■ **WHAT YOU SHOULD DO**
Nothing but the lines below from the one containing "Naruto Shippuden: The" through the one containing "by alison-tann ❤" should appear in the answer, exact and without pictures.

*** Opening DATA SUPPLIED ***

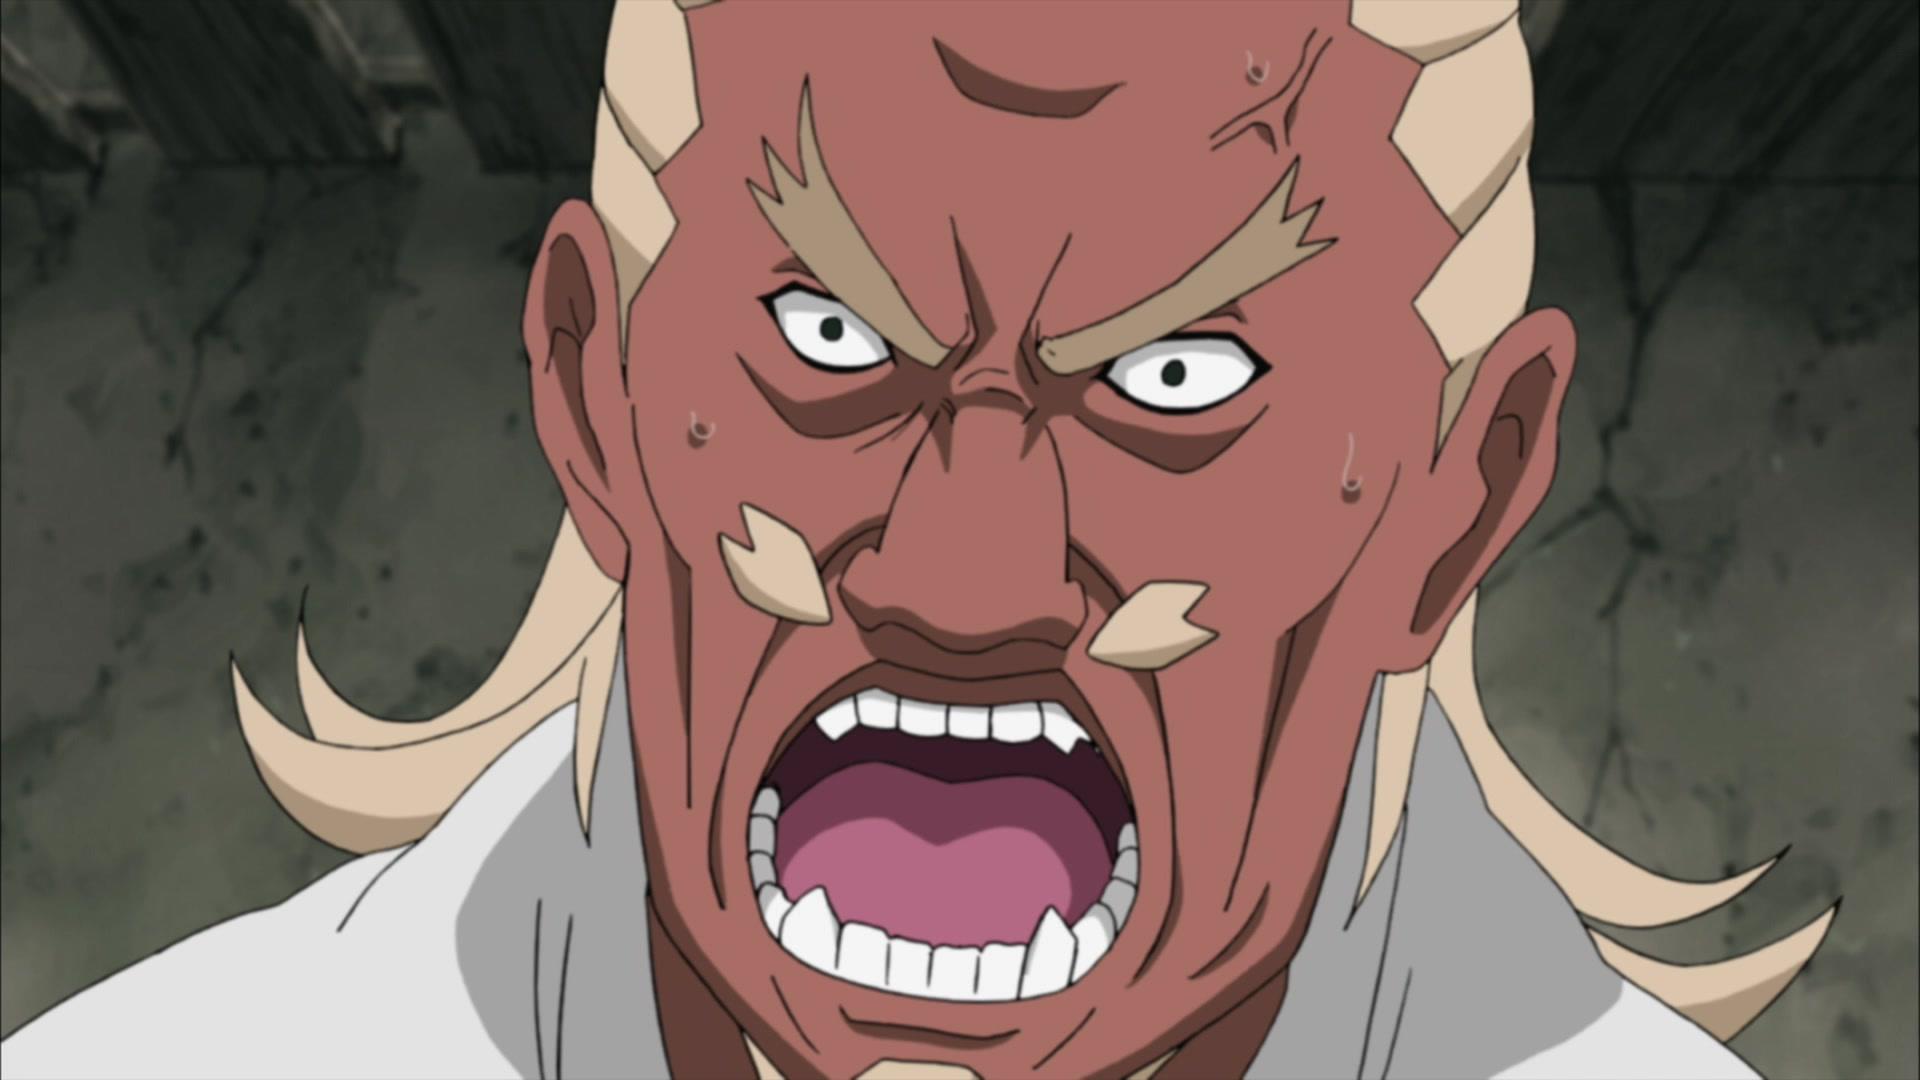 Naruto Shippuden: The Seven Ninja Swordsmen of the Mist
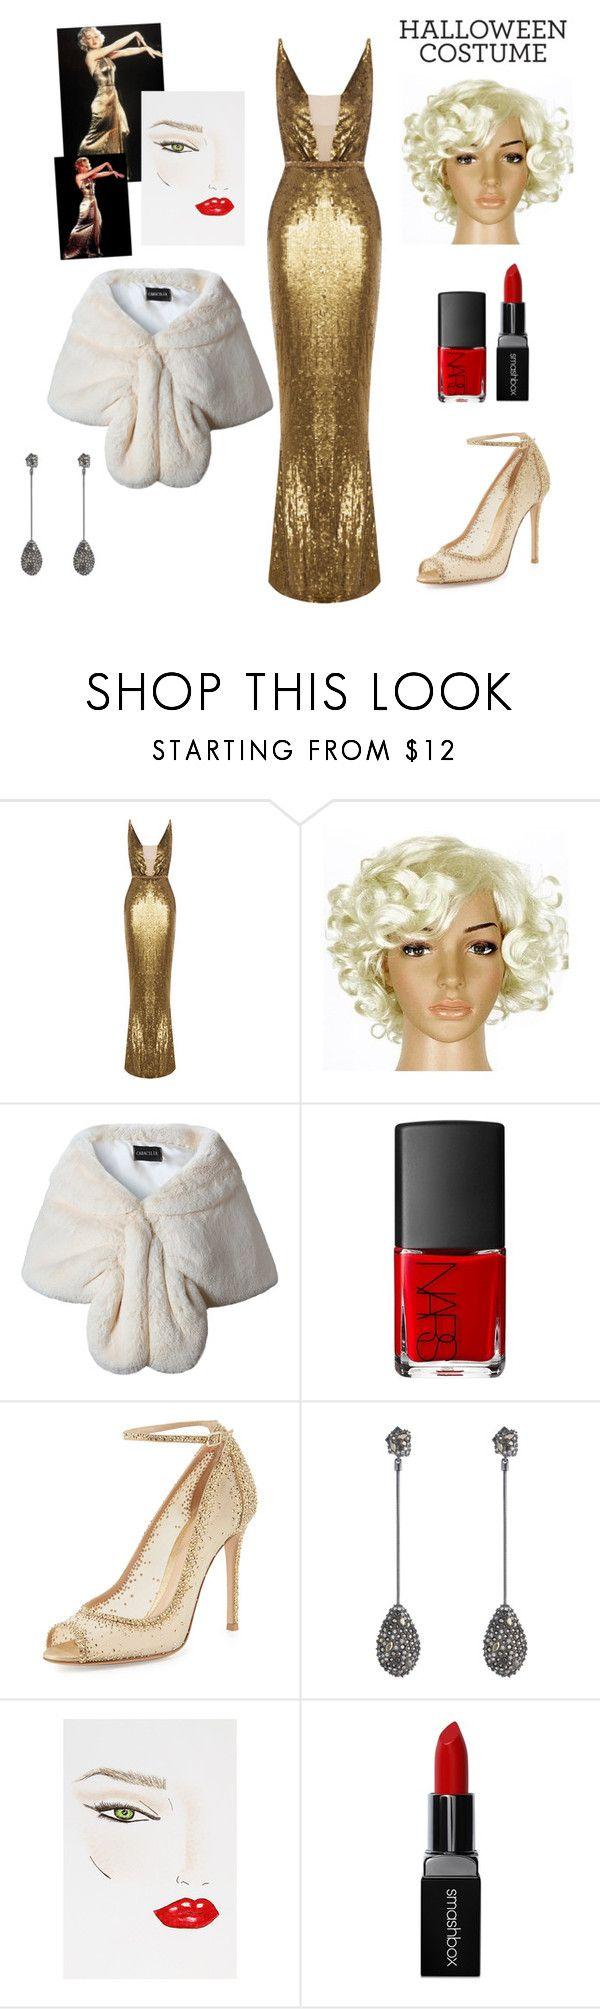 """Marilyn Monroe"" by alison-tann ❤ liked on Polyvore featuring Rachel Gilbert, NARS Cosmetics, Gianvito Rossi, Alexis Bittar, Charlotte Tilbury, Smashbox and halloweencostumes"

*** Closing DATA SUPPLIED ***
*** Opening DATA SUPPLIED ***

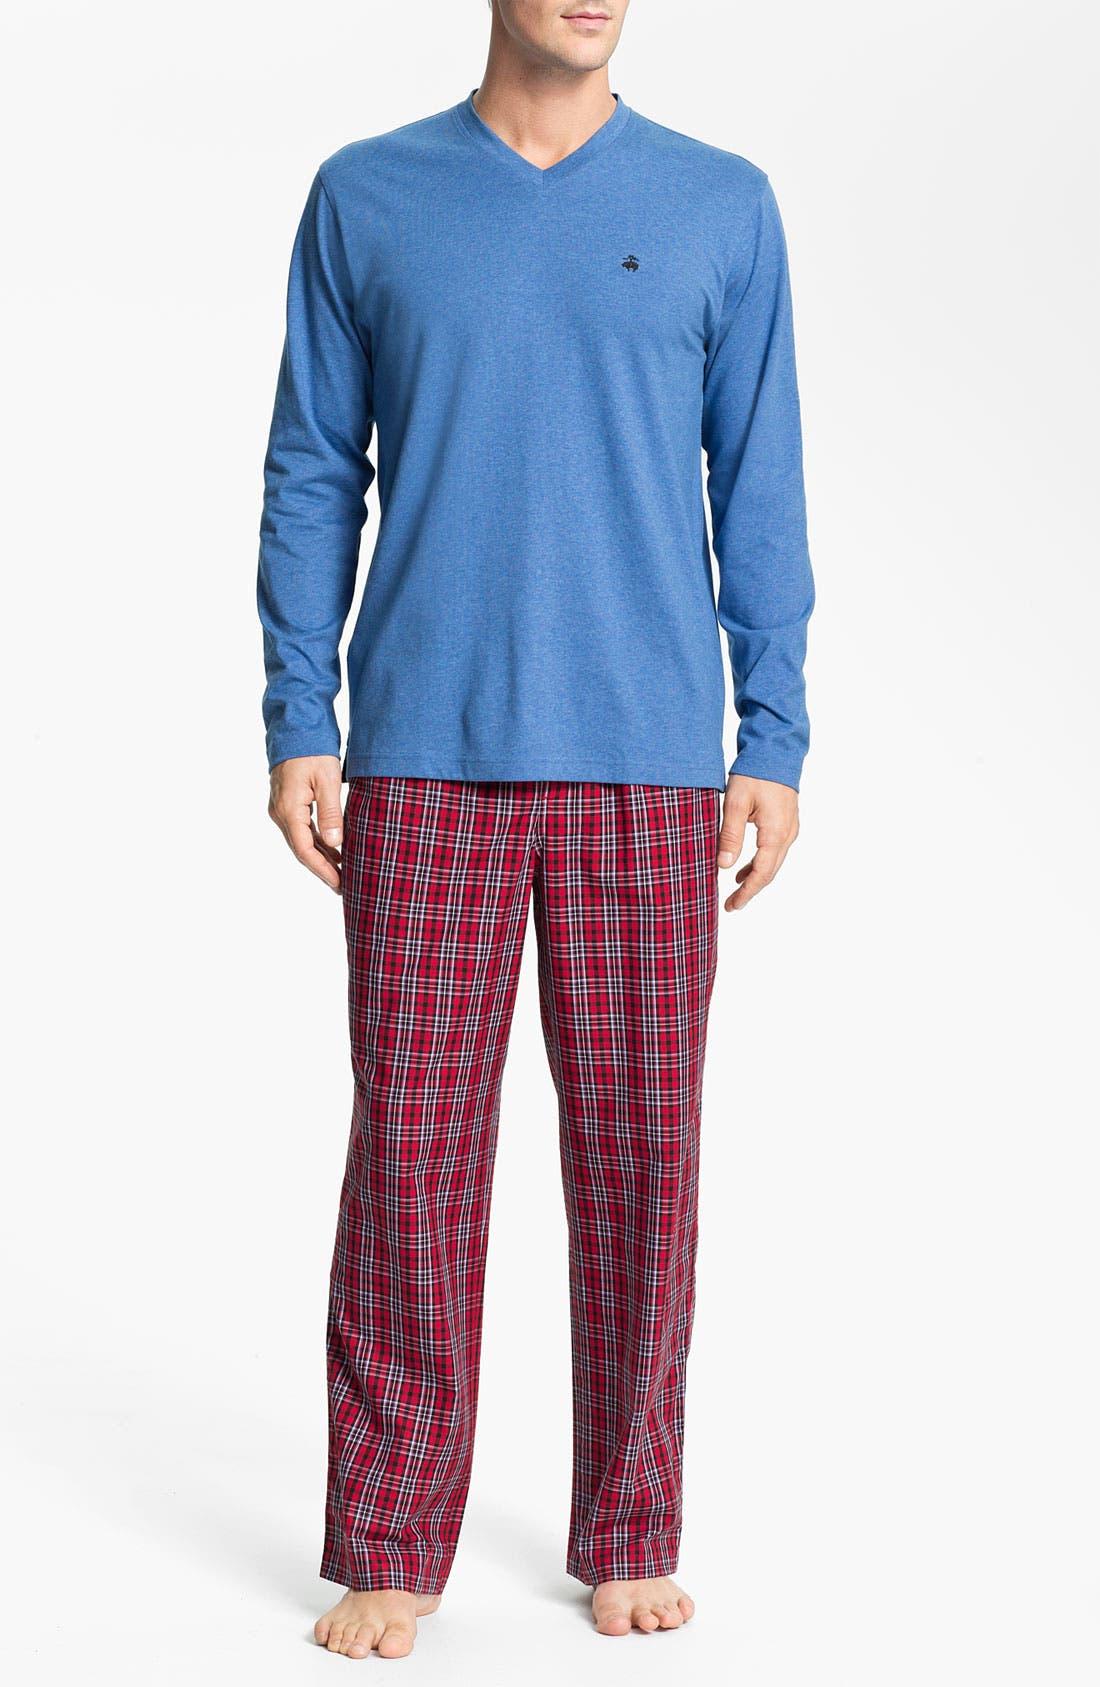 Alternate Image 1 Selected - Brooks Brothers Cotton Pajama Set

*** Closing DATA SUPPLIED ***

■ **RESULT OF THIS EXERCISE**
 Naruto Shippuden: The Seven Ninja Swordsmen of the Mist
 """Marilyn Monroe"" by alison-tann ❤ liked on Polyvore featuring Rachel Gilbert, NARS Cosmetics, Gianvito Rossi, Alexis Bittar, Charlotte Tilbury, Smashbox and halloweencostumes"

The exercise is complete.